Ivana Isgum1, Annemarieke Rutten, Mathias Prokop, Bram van Ginneken.   

Abstract

A fully automated method for coronary calcification detection from non-contrast-enhanced, ECG-gated multi-slice computed tomography (CT) data is presented. Candidates for coronary calcifications are extracted by thresholding and component labeling. These candidates include coronary calcifications, calcifications in the aorta and in the heart, and other high-density structures such as noise and bone. A dedicated set of 64 features is calculated for each candidate object. They characterize the object's spatial position relative to the heart and the aorta, for which an automatic segmentation scheme was developed, its size and shape, and its appearance, which is described by a set of approximated Gaussian derivatives for which an efficient computational scheme is presented. Three classification strategies were designed. The first one tested direct classification without feature selection. The second approach also utilized direct classification, but with feature selection. Finally, the third scheme employed two-stage classification.
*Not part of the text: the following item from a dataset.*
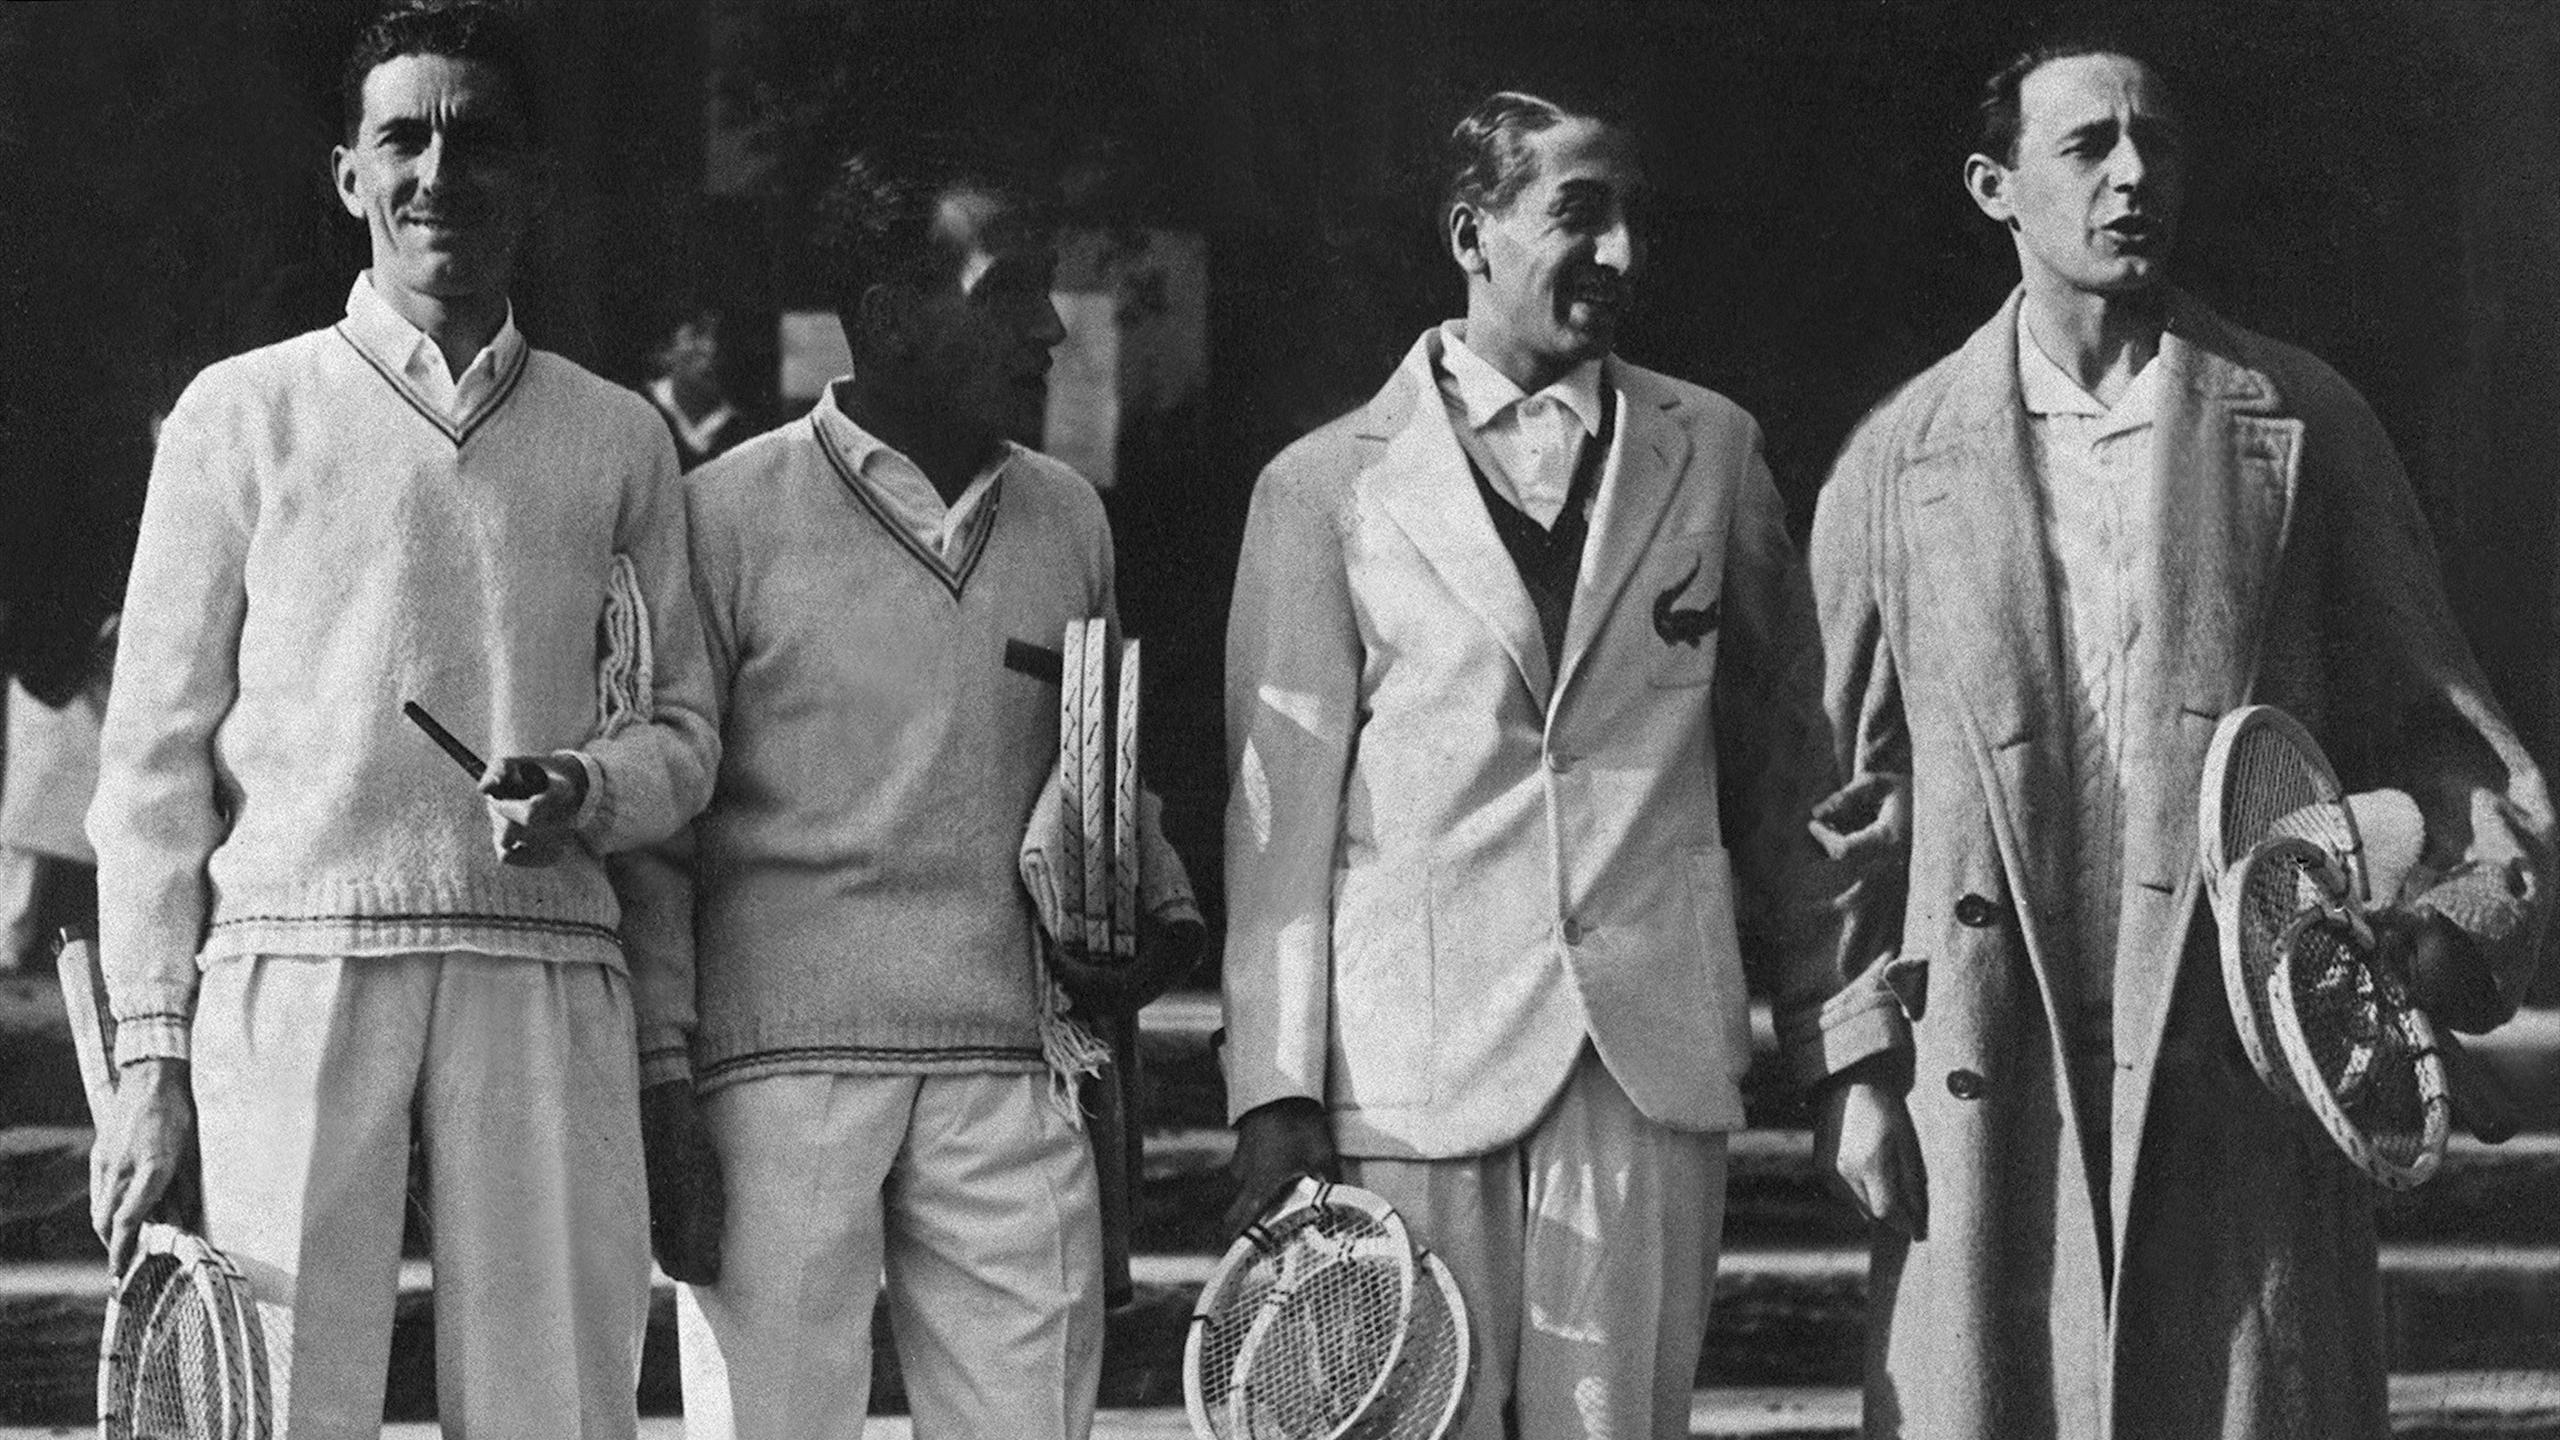 Les Mousquetaires français de Coupe Davis dans les années 30 - Brugnon, Cochet, Lacoste et Borotra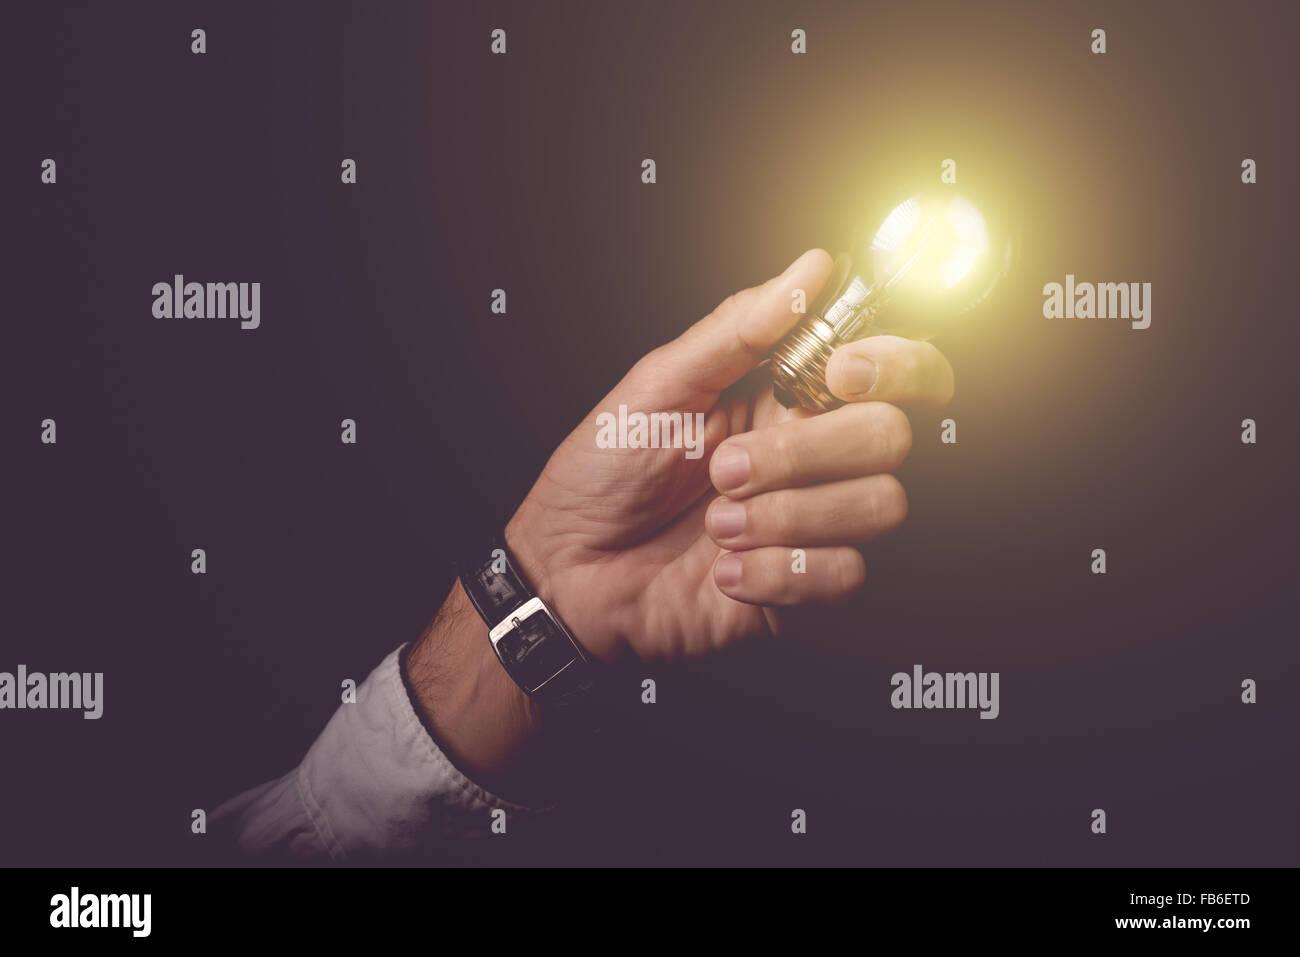 Geschäftsmann, Glühbirne, Konzept der neuen Ideen, unternehmerische Innovation und Kreativität, Retro Stockbild

In a computationally inexpensive first stage, the most easily recognizable false positives were discarded. The second stage discriminated between more difficult to separate coronary calcium and other candidates. Performance of linear, quadratic, nearest neighbor, and support vector machine classifiers was compared. The method was tested on 76 scans containing 275 calcifications in the coronary arteries and 335 calcifications in the heart and aorta. The best performance was obtained employing a two-stage classification system with a k-nearest neighbor (k-NN) classifier and a feature selection scheme. The method detected 73.8% of coronary calcifications at the expense of on average 0.1 false positives per scan. A calcium score was computed for each scan and subjects were assigned one of four risk categories based on this score. The method assigned the correct risk category to 93.4% of all scans.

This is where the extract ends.